By Adeyemi Adepetun
As part of measures to curb rising cases of fraudulent phone calls across the globe, the Global System for Mobile telecommunications Association (GSMA) is expanding its fraud prevention service portfolio across the industry.
This move is expected to enhance the telecoms industry’s capacity to combat robocalling and other unwanted or fraudulent calls.
Together with technology partner Mobileum, GSMA has developed a new international fraud deterrent system, unveiled on Tuesday at MWC21 as a proof-of-concept model. GSMA now invites the global telecoms industry to trial the model.
The invitation is open for a range of global telecoms stakeholders to participate, including mobile and fixed carriers, voice over IP operators, voice and signalling wholesalers around the world. The aim of the trial is to evaluate advanced collaborative fraud and nuisance call prevention techniques.
The GSMA is an industry organisation that represents the interests of mobile network operators worldwide. More than 750 mobile operators are full GSMA members and a further 400 companies in the broader mobile ecosystem are associate members.
GSMA Chief Technical Officer, Alex Sinclair, said the US Federal Communications Commission recently said fraudulent robocall schemes costs American about $10 billion yearly, with most perpetrators operating overseas.
Sinclair said it’s a challenge faced by citizens globally, which is “why we’re calling on telecoms operators – mobile, fixed-line, Internet-based and wholesalers – to share their insights and experience so we can together locate and mitigate these sources of fraudulent activity.”

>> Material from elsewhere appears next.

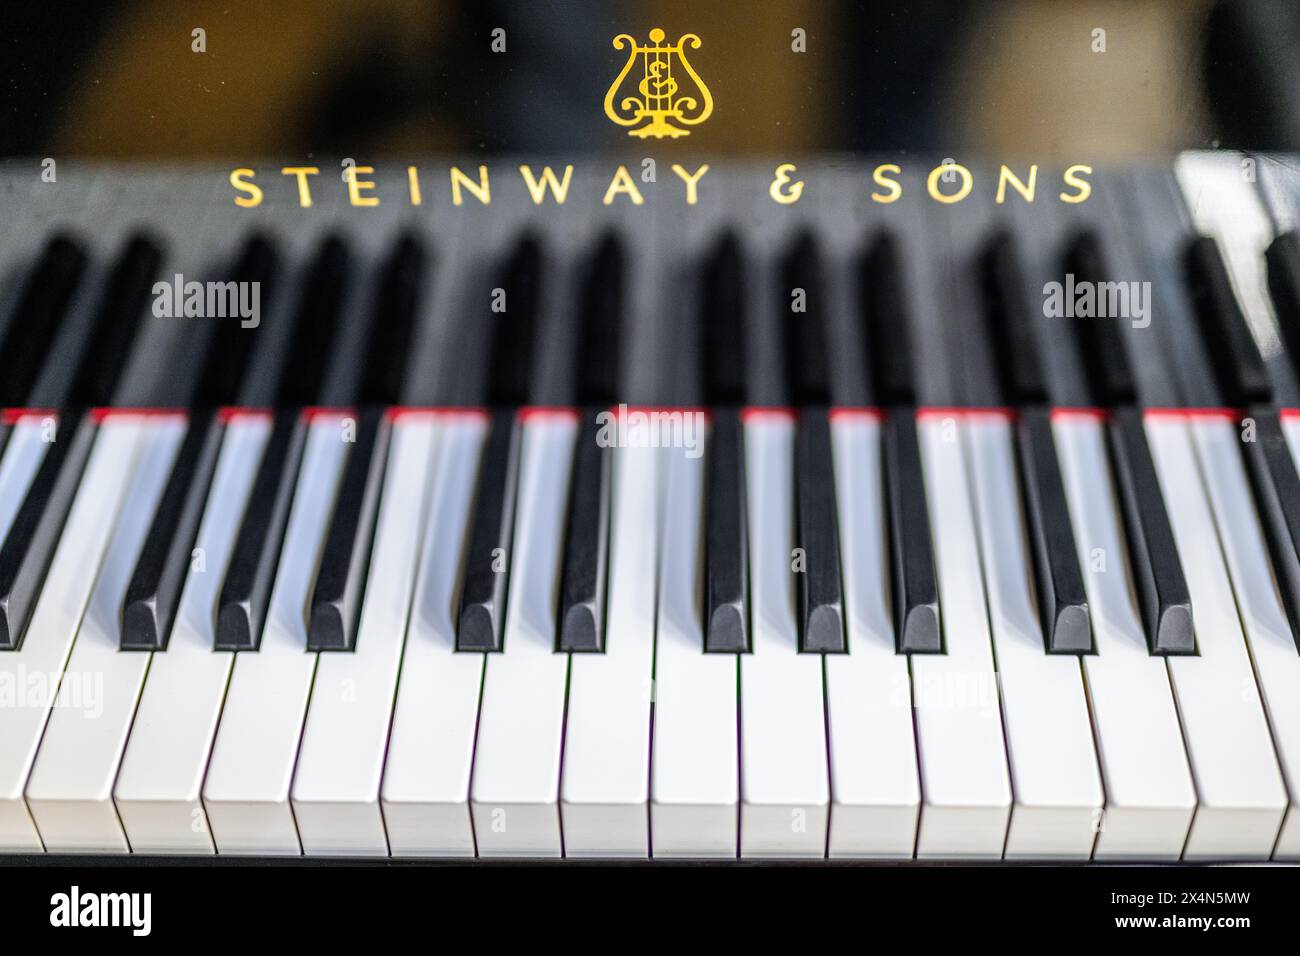 Touches noires et blanches d'un piano Steinway & sons avec une mise au point nette. Banque D'Images

The joint initiative will explore a series of tools using real fraud incidents, which will help limit a wide variety of fraud and nuisance calls. These include: Case handling – allowing multiple networks to work on a problem: Call path tracing – to find the source of a call when that source is disguised; Live threat monitoring and alerts – providing a real time view and warnings about active fraud campaigns; Network identifier address book – providing an authenticated list of network identifiers; and Call validation – to confirm the provenance of a call.
Chief of Risk Management business at Mobileum, Rui Paiva, said, “By combining the industry’s collective intelligence and locally based information with our latest technology, we can deliver game-changing support to tackle fraud,” said “Our cloud-native platform provides the necessary tools to make a material difference, delivering the results and improvements everybody wants.”
Though, the Nigerian Communications Commission (NCC) had been able to stem the tide, Nigeria had in the last three and half years battle call masking, call refilling and SIM boxing, which are all targeted at fraudulent call services.
SIM Boxing or Interconnect Bypass Fraud has been one of the most prevalent frauds in the telecoms industry today. It happens when calls made via the Internet are sent to Simboxes (machines that house SIM cards), which redirect this illegal voice over Internet protocol (VoIP) traffic onto mobile networks.
Call masking on the other hand is when a call is masked or refilled when a number is deliberately classified to a different route and SIM boxing to describe one of the many tools in use) has many dimensions.
According to experts, SIM boxing fraud costs the industry to lose about $3 billion in revenue yearly. The Chief Executive Officer, NCC, Prof Garba Danbatta, had described call masking as a phenomenon, whereby an international call is masked to appear as a local call on any GSM network in Nigeria while SIM Boxing on the other hand refers to electronic boxes or devices with multiple SIMs that have the capacity to terminate calls at local interconnect rates.
He recalled that SIM Boxing started at the time the Commission decided to review international termination rates from N3.90 per minute to N24.40 per minute for international inbound traffic, which provided an opportunity for technology manipulators to terminate calls at N3.90 per minute and cart away the difference, thereby cutting the revenue meant for the operators and by implication the government. A SIM box, he explained, has the capacity to receive and transmit calls undetected.
“However, the challenge is that these SIM boxes are never type-approved by the Commission, an indication that they are being used illegally in the country,” he had said.
Determined to end the twin evil, the NCC had, vide a letter with Ref: TSNI/GEN/VOL.4/115, directed relevant licensees to ensure the cessation of call masking or refiling activity on their networks. A deadline was set. Furthermore, on August 3, 2017, at a stakeholders meeting organised by the Commission in which the affected companies participated, it was resolved that a comprehensive investigation would be carried out by the NCC to determine the companies/licenses involved in the illegal act
Licensees were warned to desist from the practice. It was also agreed that identified culprits would be sanctioned as part of measures to forestall the negative impact of this incidence on national security.